§ **What the task asks**
Please give back word for word the lines of the material below between the line containing "Hindu temple photo" and the line containing "Rolex Submariner 1608", inclusive.
━━━━━ Source material ━━━━━
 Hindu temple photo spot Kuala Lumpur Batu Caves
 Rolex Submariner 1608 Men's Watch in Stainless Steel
━━━━━
━━━━━ Source material ━━━━━
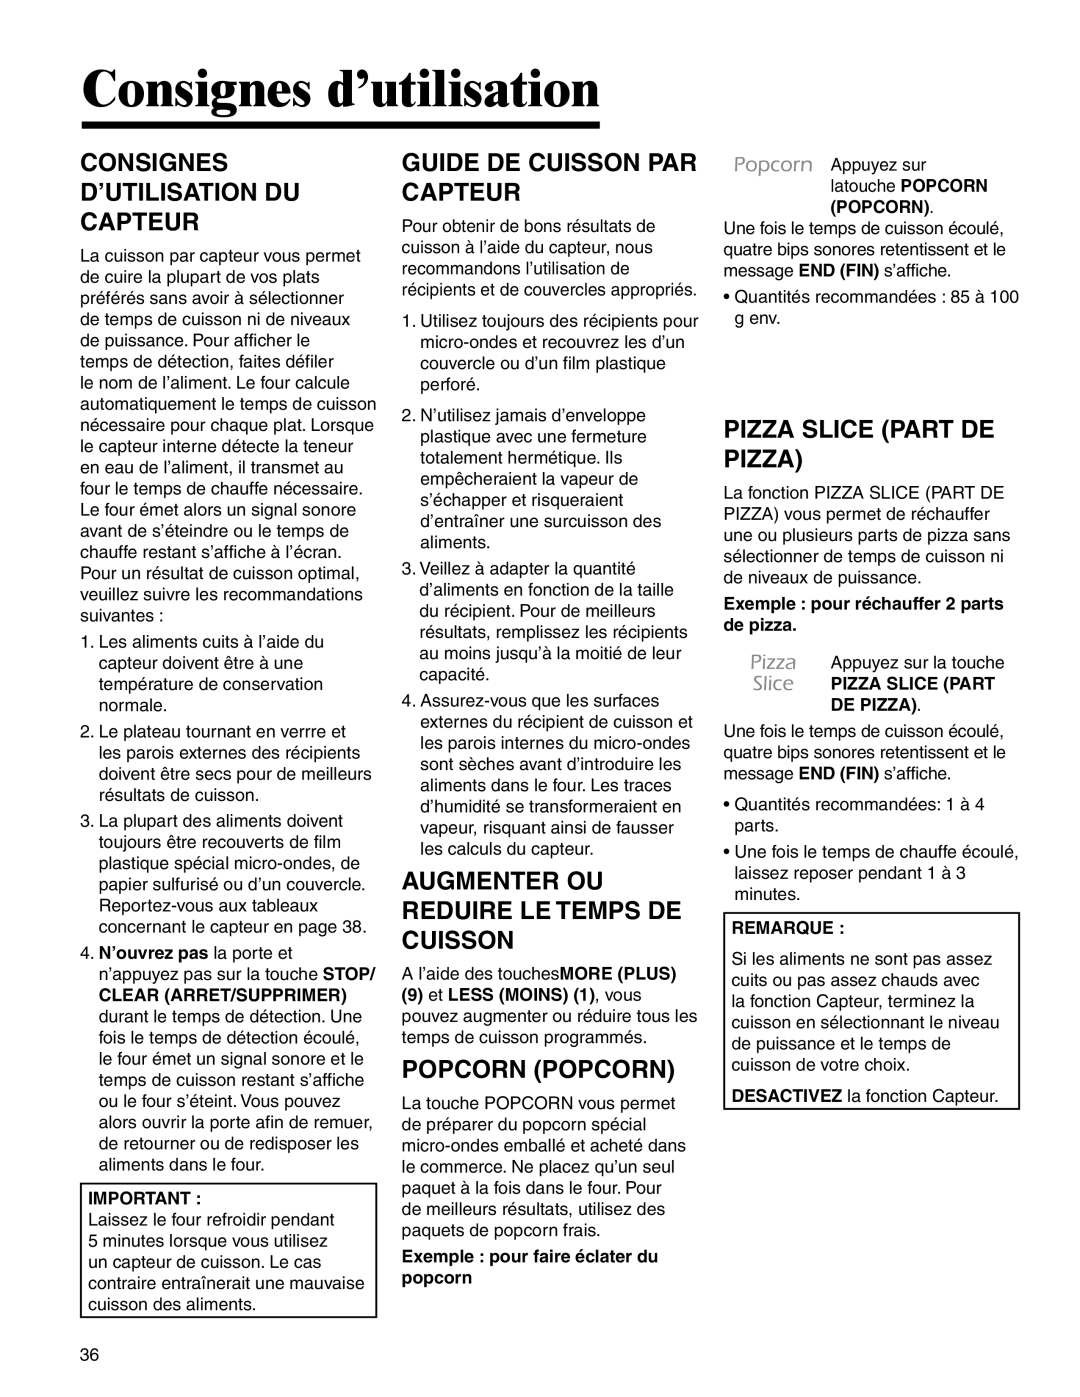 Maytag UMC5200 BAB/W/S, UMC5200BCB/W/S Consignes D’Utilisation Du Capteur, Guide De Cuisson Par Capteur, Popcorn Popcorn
━━━━━
§ **Answer area**
 Hindu temple photo spot Kuala Lumpur Batu Caves
 Rolex Submariner 1608 Men's Watch in Stainless Steel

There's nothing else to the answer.